- _MATERIAL PROVIDED_:
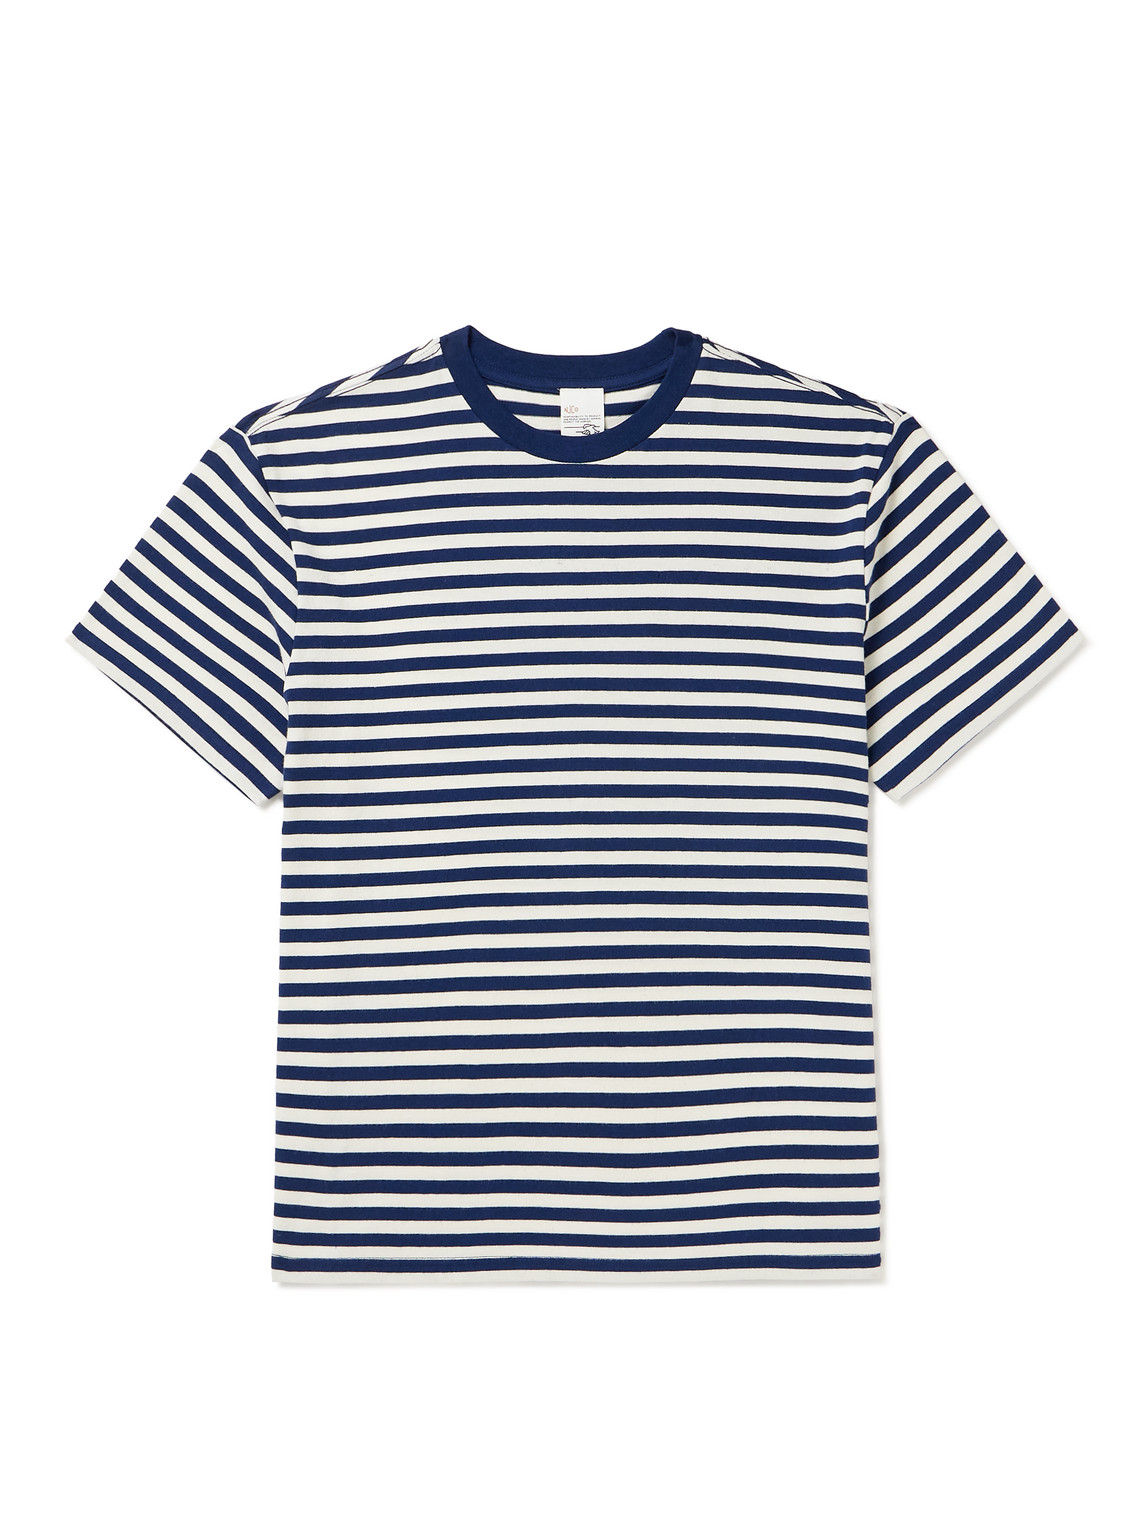 Nudie Jeans Leffe Striped Cotton-jersey T-shirt In Multi
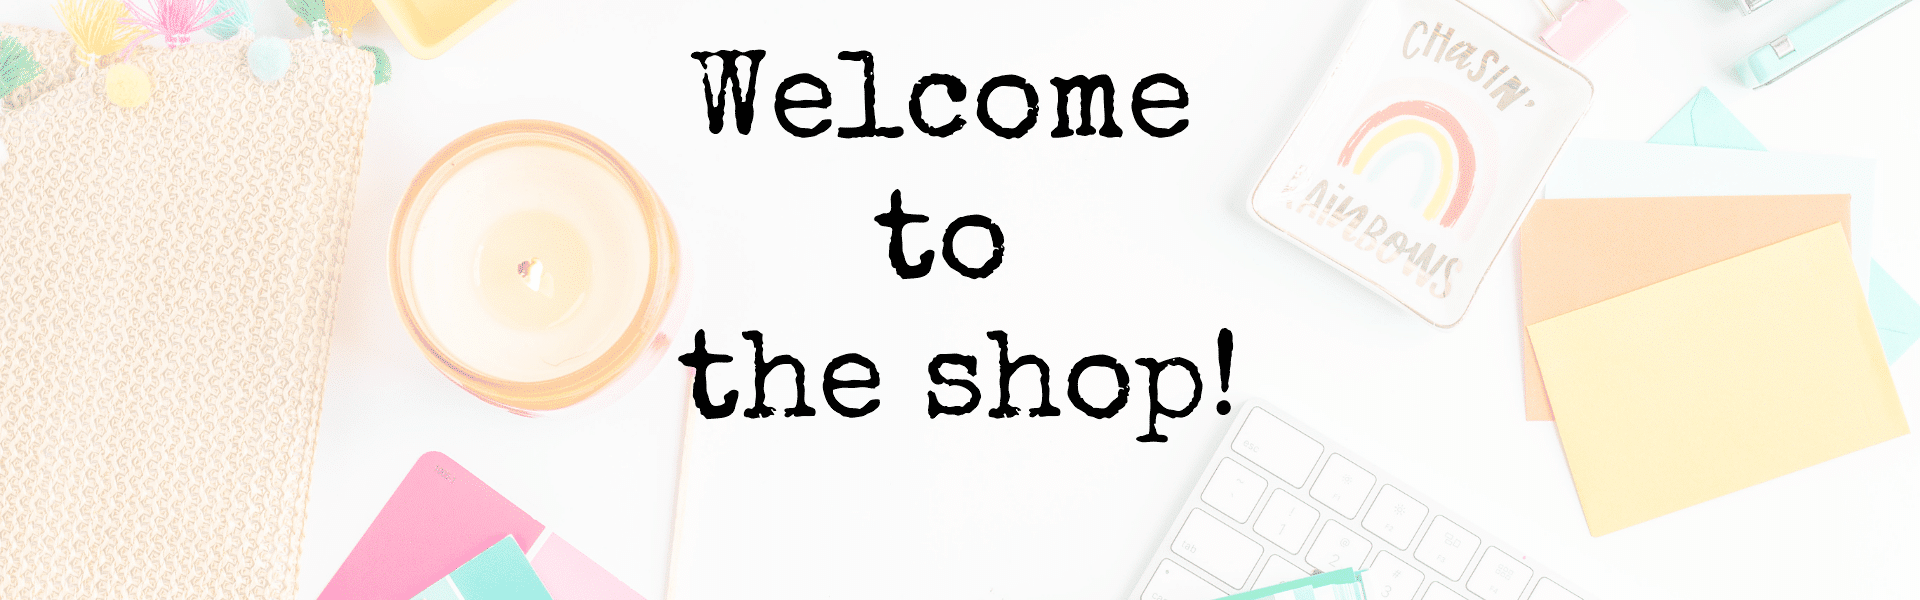 Welcome to the shop! (1)
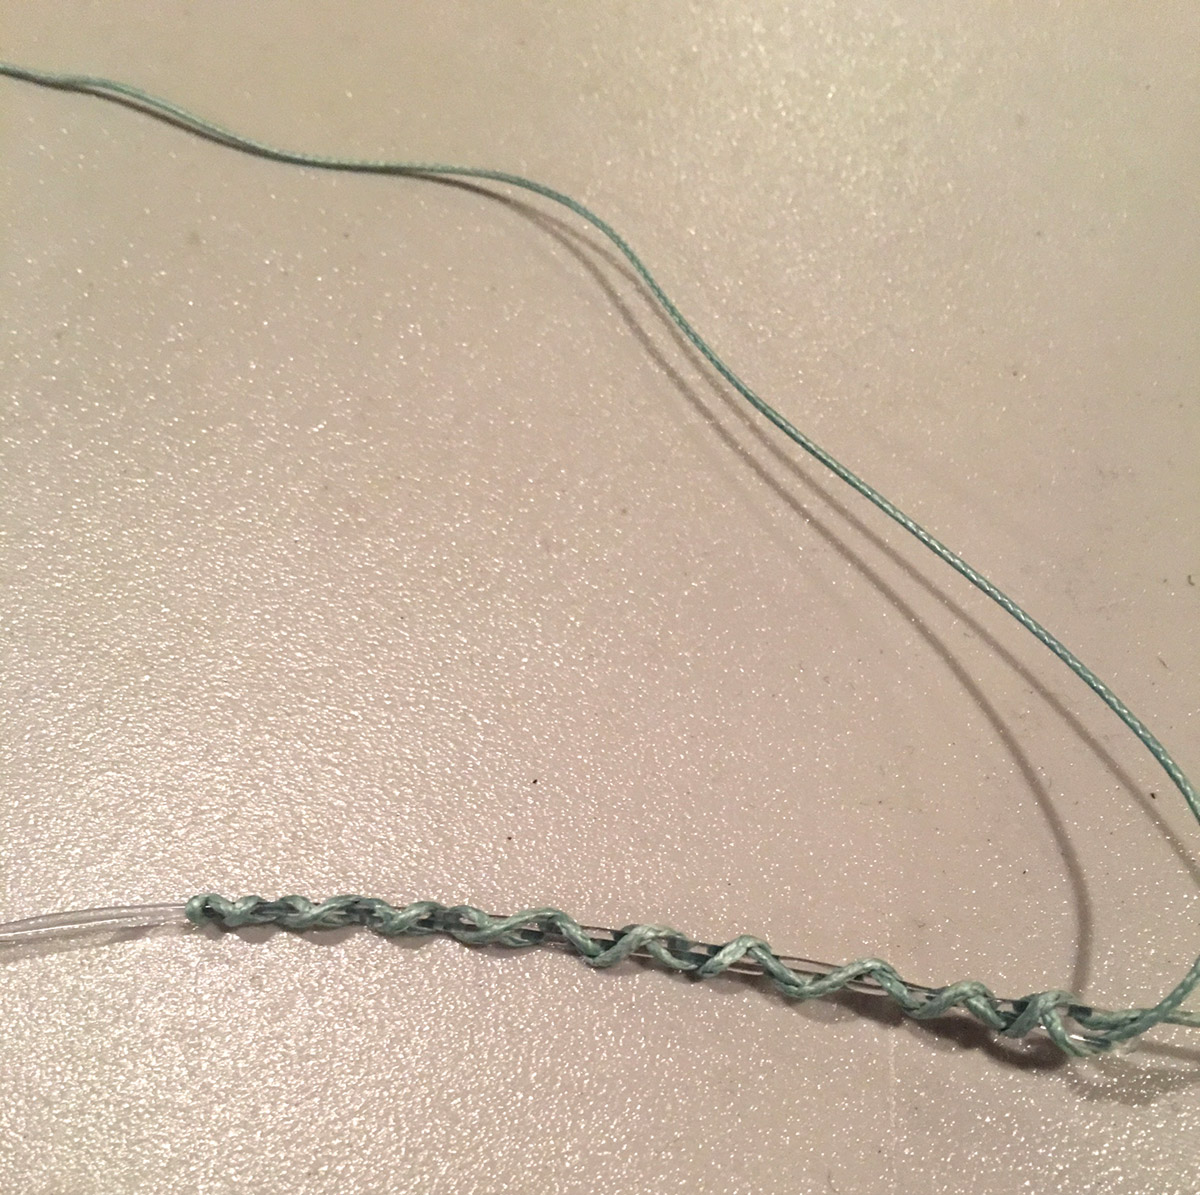 Alberto knot connecting braid and mono.

- _PROMPT_: All lines above are to be restated word for word, with pictures excluded.

- _PROBLEM SOLUTION_:
 Nudie Jeans Leffe Striped Cotton-jersey T-shirt In Multi
 Welcome to the shop! (1)
 Alberto knot connecting braid and mono.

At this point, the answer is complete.